Work instructions. Could you copy exactly the lines below, beginning at the line with "Italian by Anna Del Conte" and stopping after the line with "006 - shades of mosaic copy.jpg", with no pictures?

Information shown.
== Segment start ==
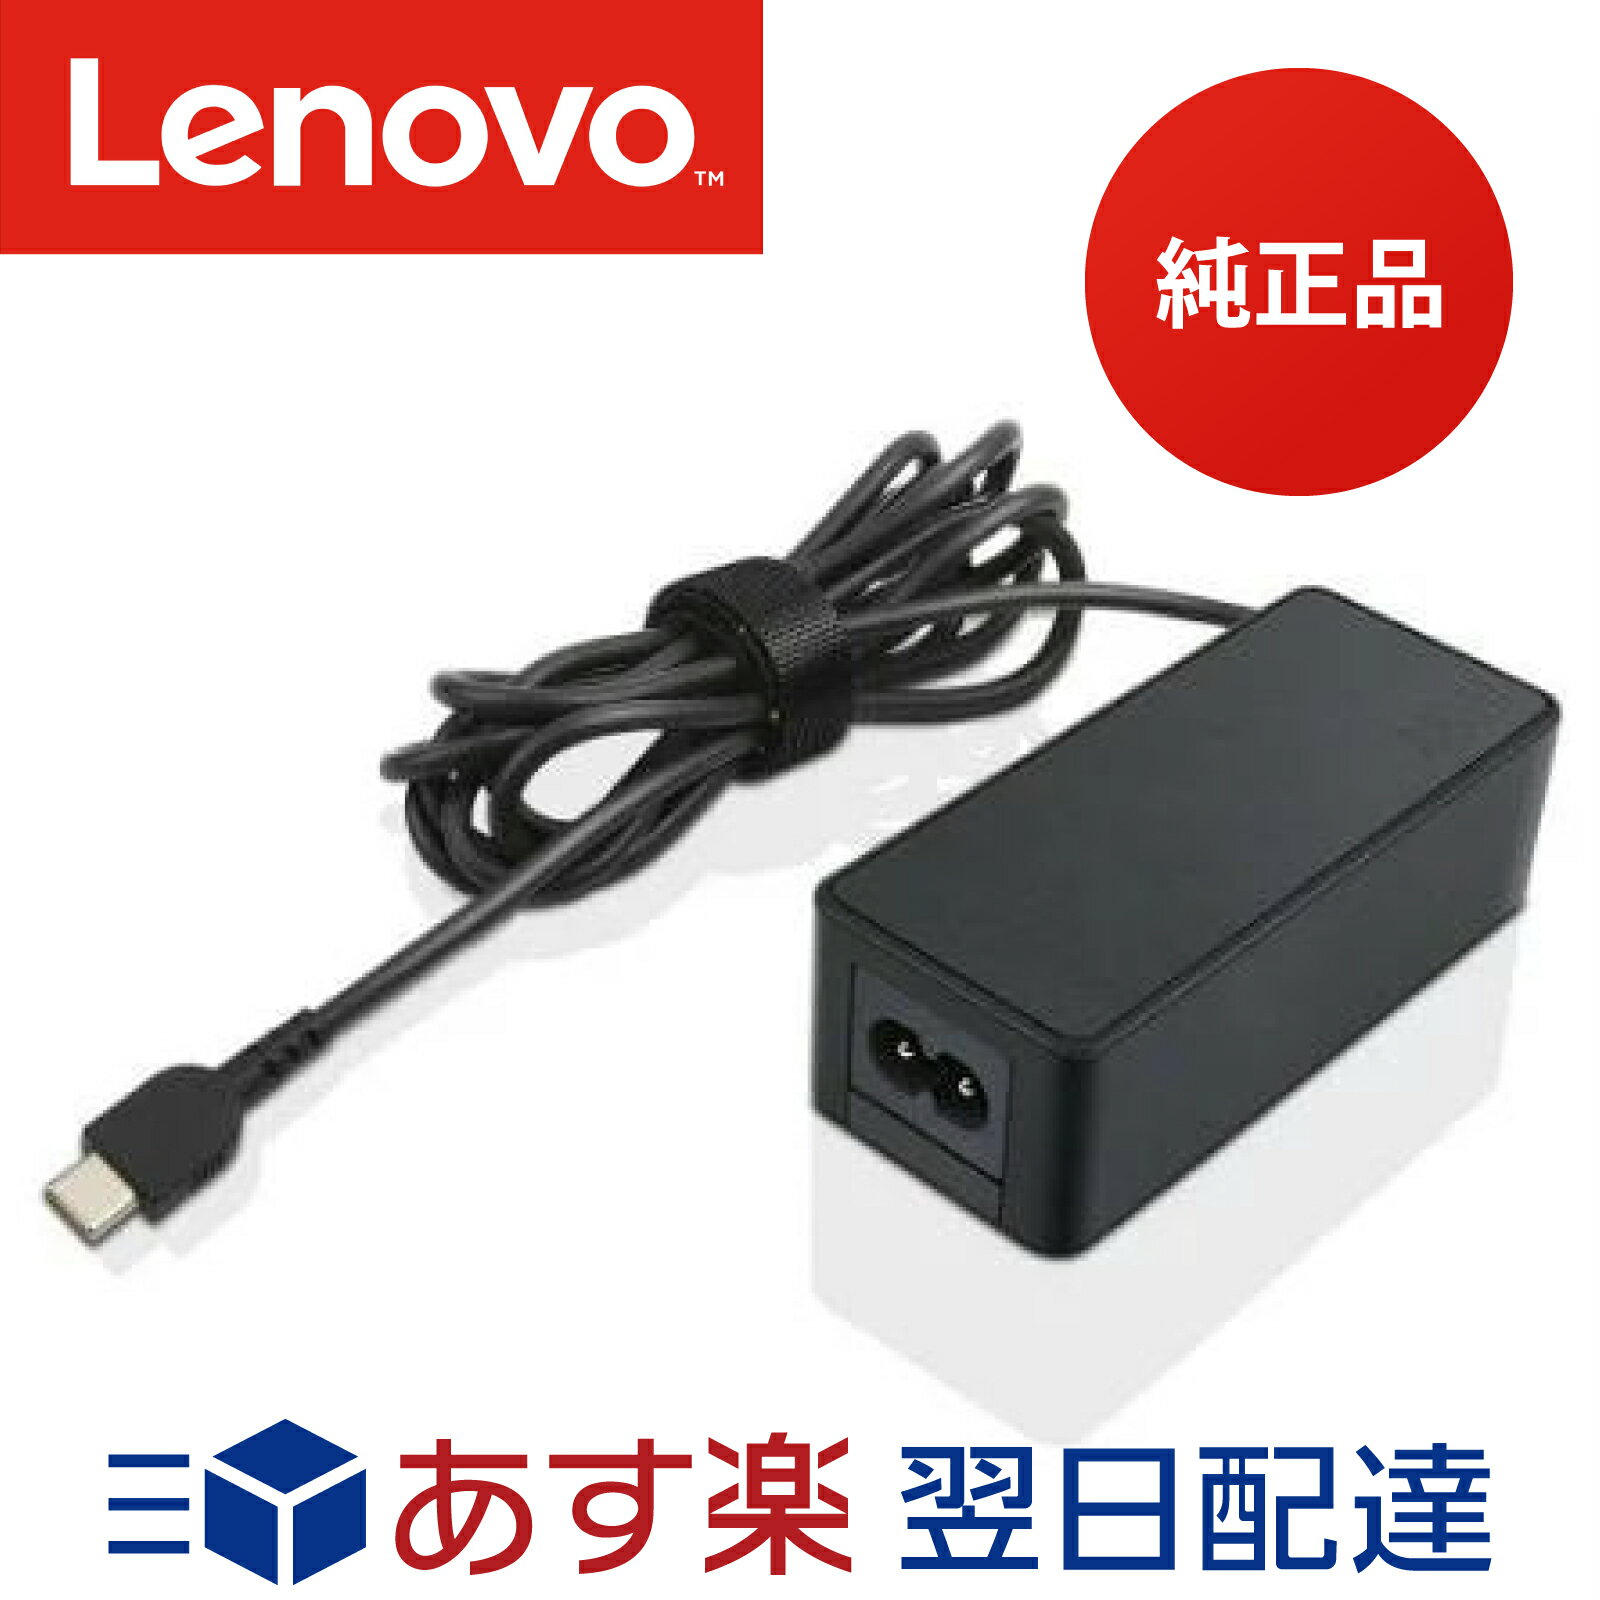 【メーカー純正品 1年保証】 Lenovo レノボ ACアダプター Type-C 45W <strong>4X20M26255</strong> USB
== Segment end ==
== Segment start ==
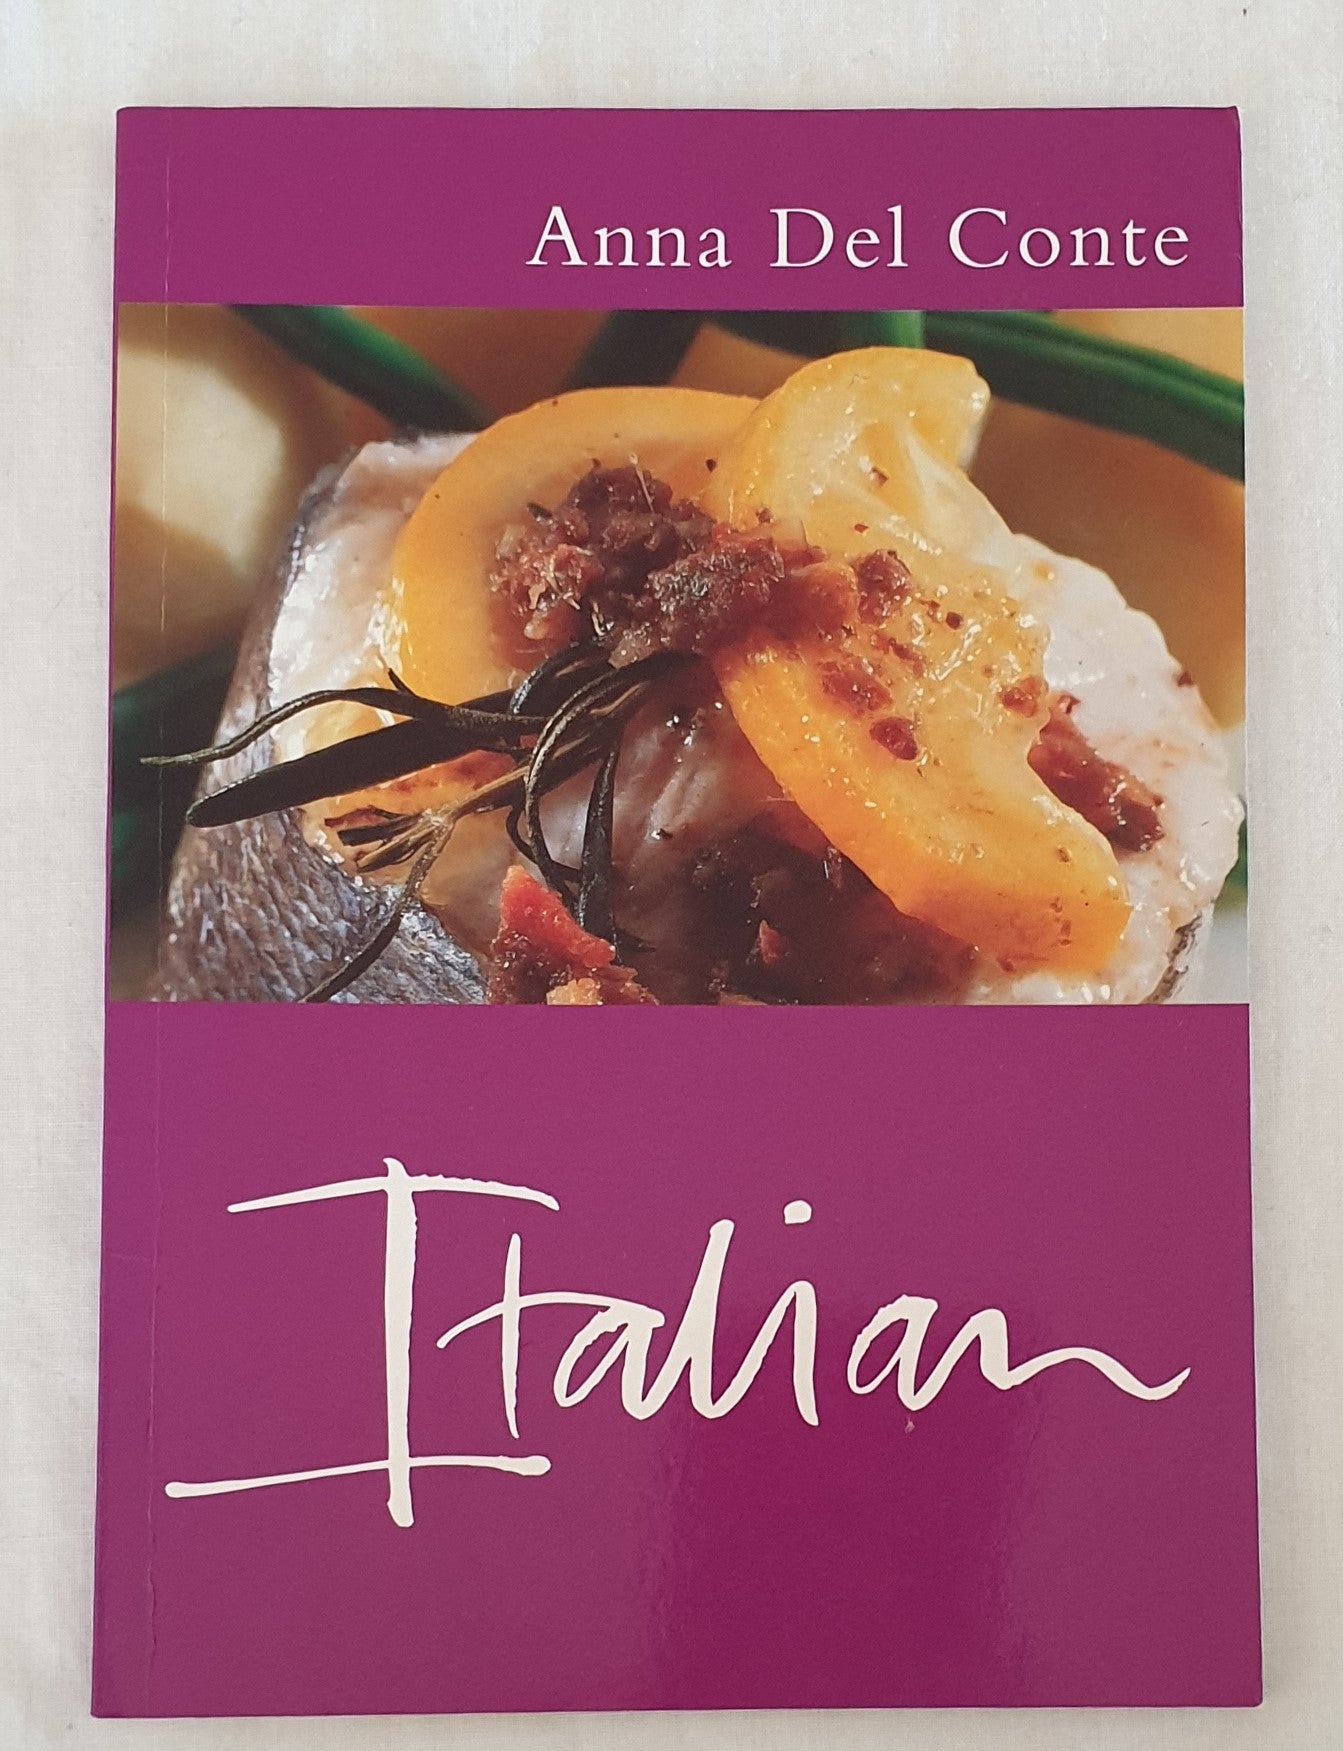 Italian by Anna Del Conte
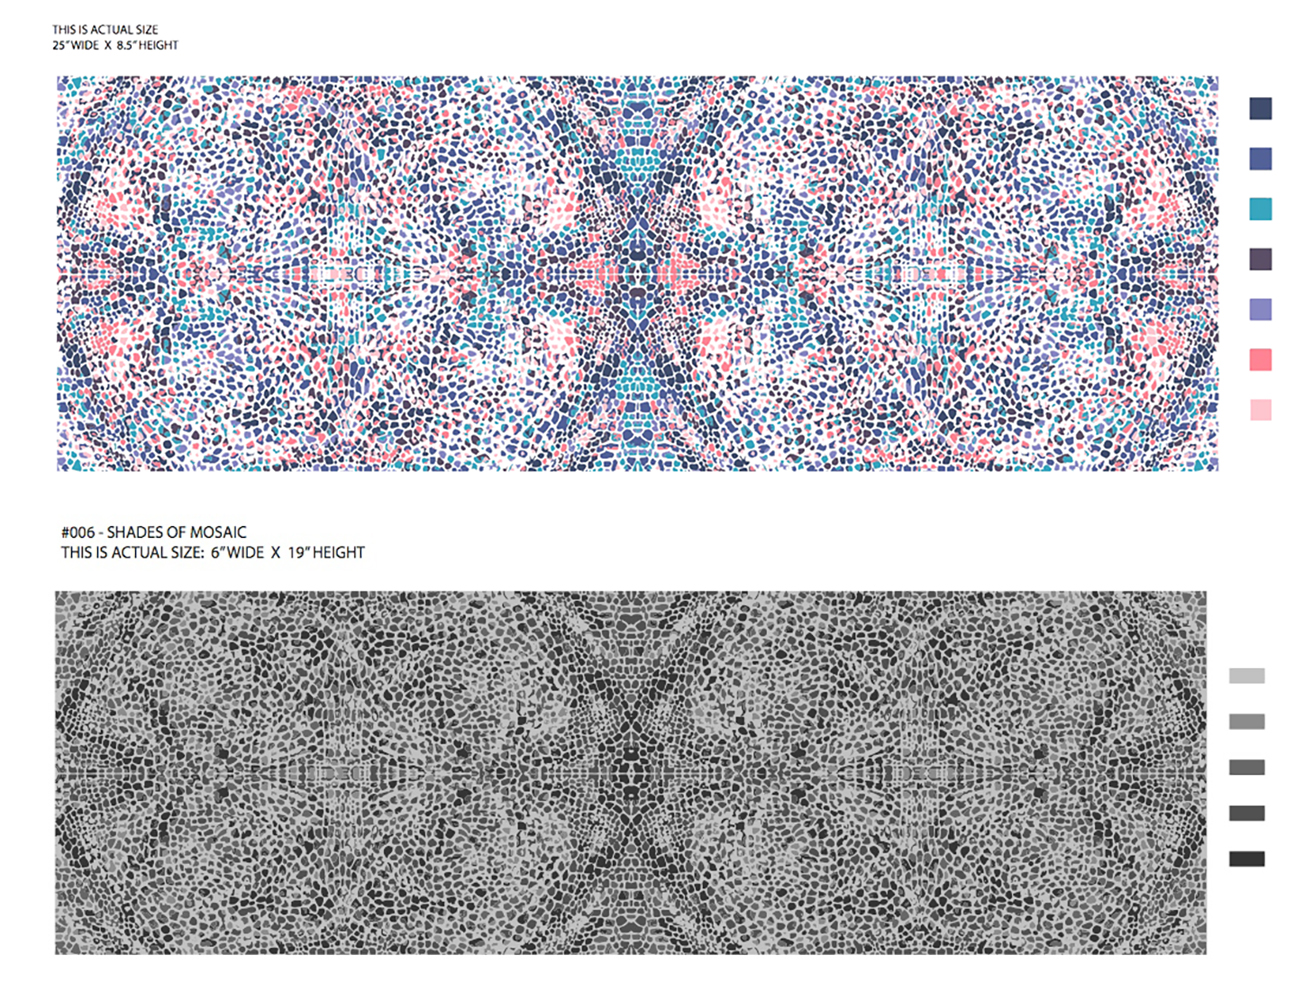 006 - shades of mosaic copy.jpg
== Segment end ==
Solution to this problem.
 Italian by Anna Del Conte
 006 - shades of mosaic copy.jpg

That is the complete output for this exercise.